Elle se mit à rire et lui avoua qu’elle attendait avec impatience le produit de son inspiration.
— J’appellerai le personnage féminin Olga Baranoff, et le personnage masculin Volodia Groudine…
— Comme ça, les curieux en seront pour leurs frais !
— Et j’intitulerai le volume : « Fumée »
— Dommage qu’on y ait pensé avant vous !
— Ou : « Vapeurs. »
— Vous songerez au titre quand vous aurez achevé le roman. Il suffit que vous ayez pris une résolution, et, déjà, pour vous, l’affaire est terminée. C’est un grand défaut. Je veillerai à vous en corriger.

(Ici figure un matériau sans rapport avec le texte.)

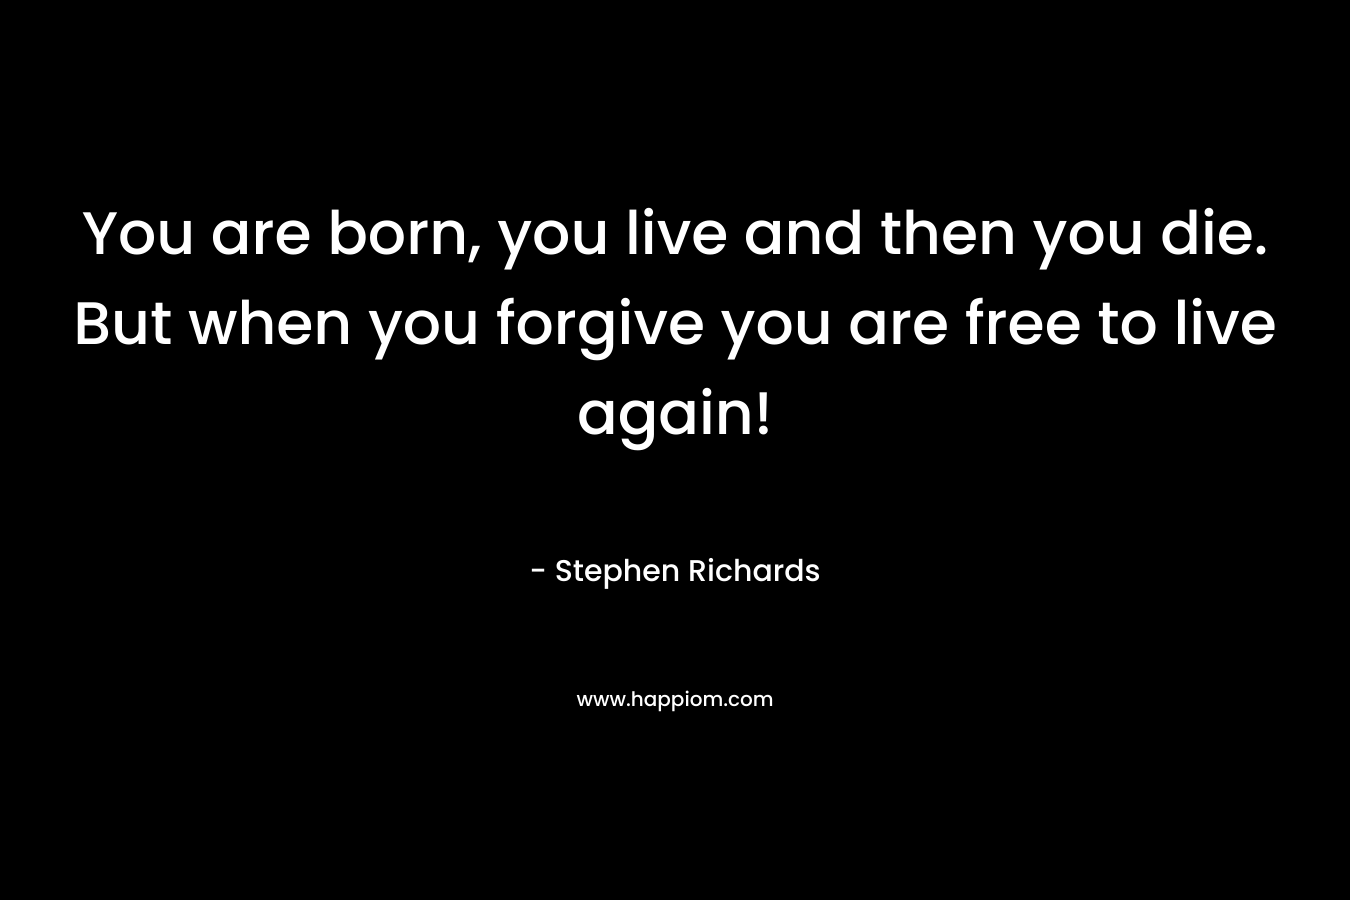 You are born, you live and then you die. But when you forgive you are free to live again!

À dater de ce jour, Volodia sacrifia quelques sorties avec ses amis pour s’astreindre à son nouveau travail. Ruben Sopianoff le traita de « lâcheur », et la bande vota une motion de méfiance à l’adresse du « membre fondateur » Bourine. Tous les jeudis, Volodia se rendait chez Olga Varlamoff, après le thé, pour lui lire un chapitre ou deux de son livre. L’histoire en était confuse, et les personnages manquaient de substance. Mais le style, tarabiscoté, faisait illusion. Olga Varlamoff écoutait, critiquait, priait Volodia de lui laisser les derniers feuillets pour les relire à tête reposée. Il s’établit entre eux une sorte de camaraderie affectueuse qui enchantait Olga Varlamoff et attisait l’impatience de Volodia. Certains jours, il lui semblait qu’Olga Varlamoff lui parlait sur un ton complice, et il cherchait une invite dans les moindres gestes de son hôtesse. Mais, la semaine suivante, elle lui paraissait hautaine, réservée, moqueuse, et il se désolait du terrain qu’il avait perdu. Il consultait Tania, et Tania lui recommandait la prudence. Il consultait ses amis de la bande, et ils lui enjoignaient de rompre avec cette faiseuse d’embarras. À plusieurs reprises, ils essayèrent de le consoler en l’entraînant chez de petites femmes joviales. Volodia buvait comme eux, chantait comme eux, et, comme eux, caressait les filles, mais il revenait chez lui, le cœur plein de dégoût et la bouche amère.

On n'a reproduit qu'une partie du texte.